The ⚠️ structures are correct only under specific invariants. Without those invariants, they produce silently wrong results — worse than a slow lock.

When NOT to Optimize

  • Profile before you touch anything. Without a profiler, you're guessing what's slow. The bottleneck is rarely where you think it is. Run a profiler (perf, py-spy, flamegraph, cProfile, nvprof) and optimize only the functions that actually dominate runtime.
  • If it's already fast enough, stop. "Acceptable" means within the user's latency expectation or time budget. Don't spend 2 hours optimizing something that runs in 0.1 seconds.
  • One-off scripts don't need infrastructure. A single-user CLI, a data exploration notebook, a throwaway analysis — these don't need async frameworks, thread pools, or GPU acceleration. The engineering cost outweighs any speed gain.

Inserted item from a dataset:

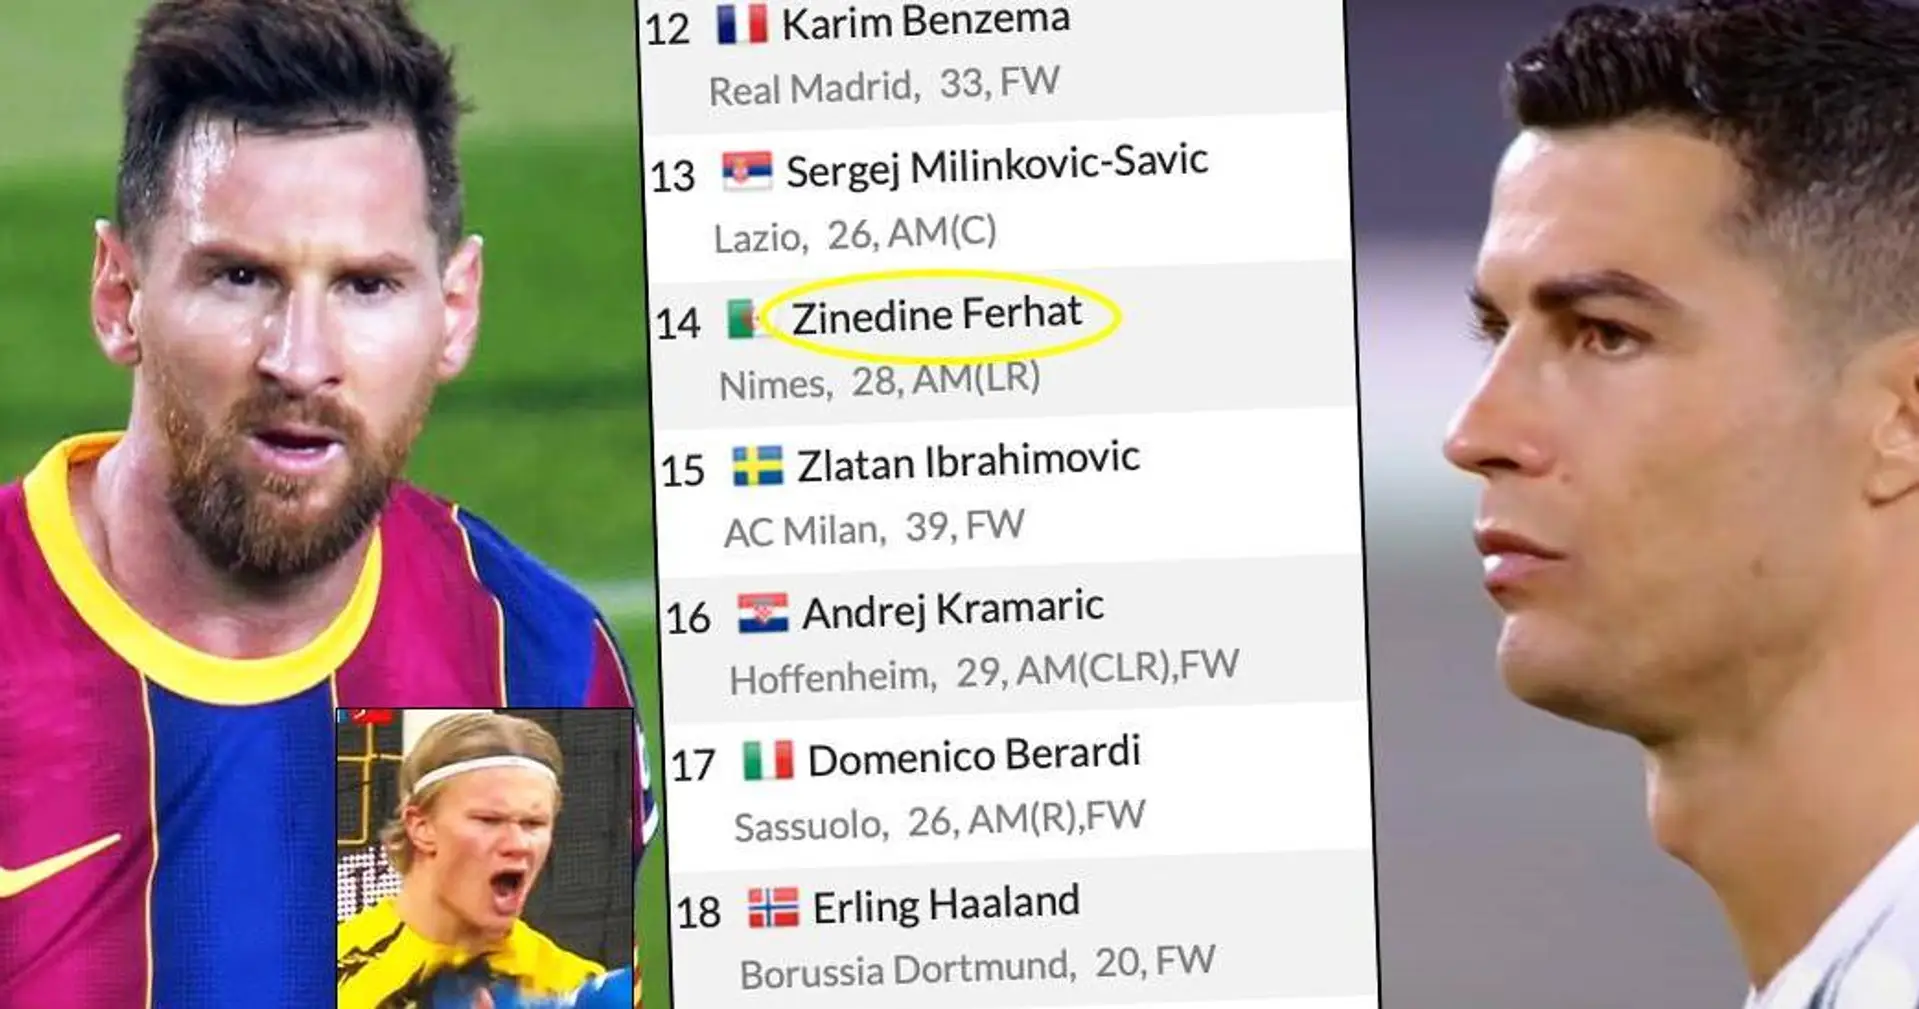 Giocatori con più premi MVP in questa stagione - Benzema, Zlatan e CR7 fuori dalla top 9

  • Lock-free code is more dangerous than slow code. Every lock-free data structure has subtle correctness hazards. Only reach for RCU, SPSC rings, or custom atomics when a lock-based version is measurably too slow AND you've verified the lock-free version under thread sanitizer (TSan).
  • Parallelism without measurement is just complexity. Don't add threads, async, or multiprocessing without first measuring what the bottleneck actually is. CPU-bound? IO-bound? Memory-bound? The answer determines the fix — guess wrong and you add overhead with no benefit.
  • Last resort, not first instinct. Algorithmic improvements (better data structure, caching, batching) usually beat micro-optimizations (inlining, loop unrolling, bit tricks) by orders of magnitude. Try the big wins first.